От багажного вагона возвращался Маса, за ним носильщик катил на тележке Кларин сундук.
– Какой вы грязный! Вы лазили под вагон, господин? – удивился японец. С интересом поглядел на кинжал, зажатый в фандоринской руке. – Красивый вакидзаси. Вы лазили за ним? А ножен там случайно не было?
– Где воришка? – спросил Эраст Петрович, озираясь.
– Какой «вориська»?
Обычно господин и слуга разговаривали на смешанном русско-японском наречии, причем каждый пользовался своим родным языком, но случалось, что некоторые слова Маса понимал не сразу.

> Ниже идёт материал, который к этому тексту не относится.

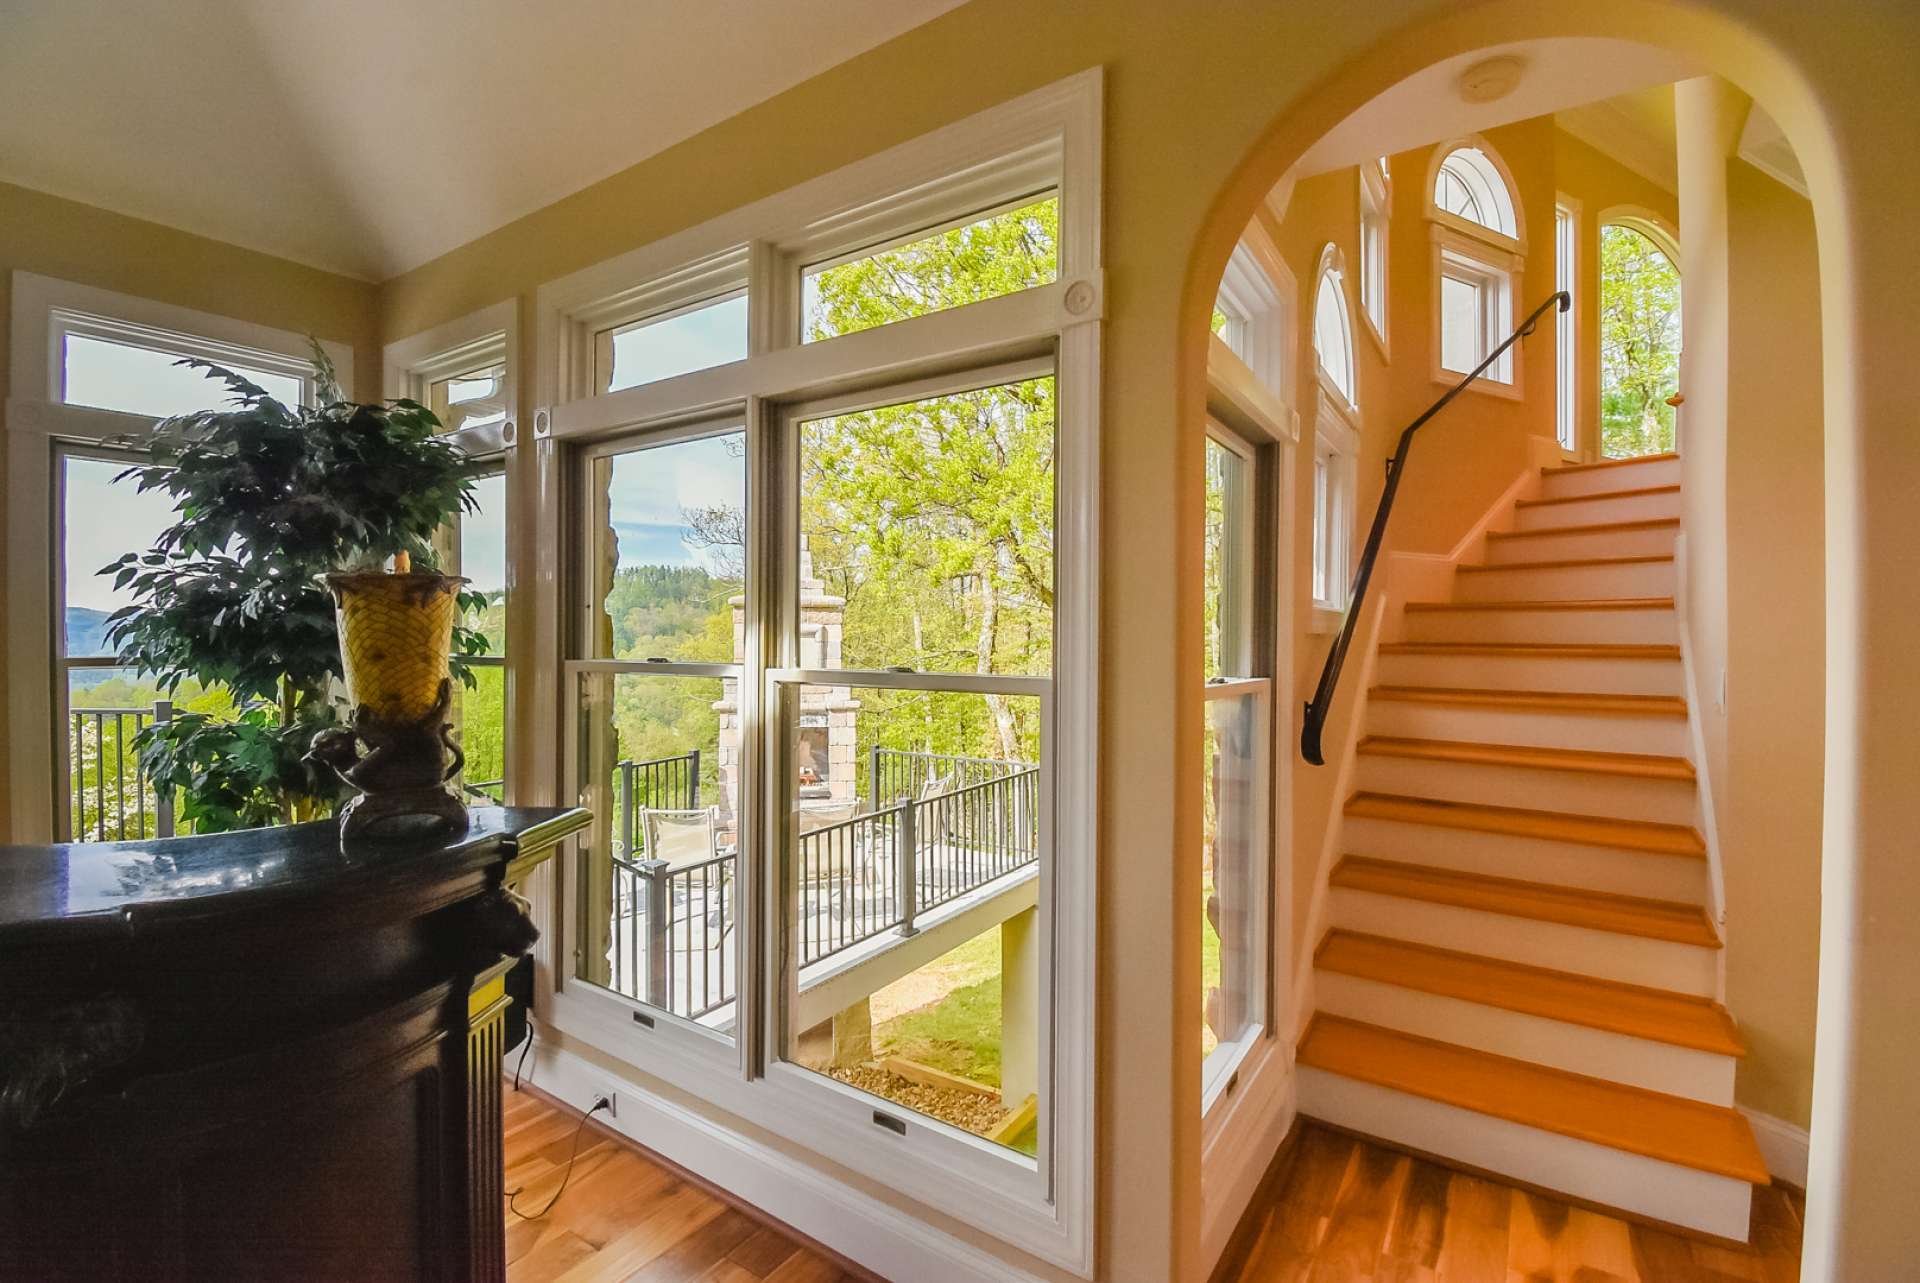 An arched doorway leads to the second level. Notice the use of abundant windows filling the home with natural light and allowing you to enjoy the outdoors from inside.

– За которым тут все гонялись!
– А, доробо. Да, бегал какой-то. Убежал, не догнали.
Фандорин снова выругался, теперь по-японски.
– Я не знал, что его нужно поймать, – стал оправдываться Маса. – Мы же приехали в Ба-Ку не для того, чтобы ловить вокзальных вориська.
Эраст Петрович угрюмо вертел в руках кинжал – хвост удравшей ящерицы. Маса был прав: превосходное оружие из настоящей дамасской стали. Рукоятка слоновой кости, с искусным рифленым орнаментом.
А это что? Зачем здесь вырезан грубый черный крест?
– Позволю себе заметить, господин, что, хоть вакидзаси очень недурен, вряд ли стоило портить из-за него одежду, – сказал японец. – Я бы слазил сам.
Фандорин не ответил. Он сейчас думал не об испорченном костюме.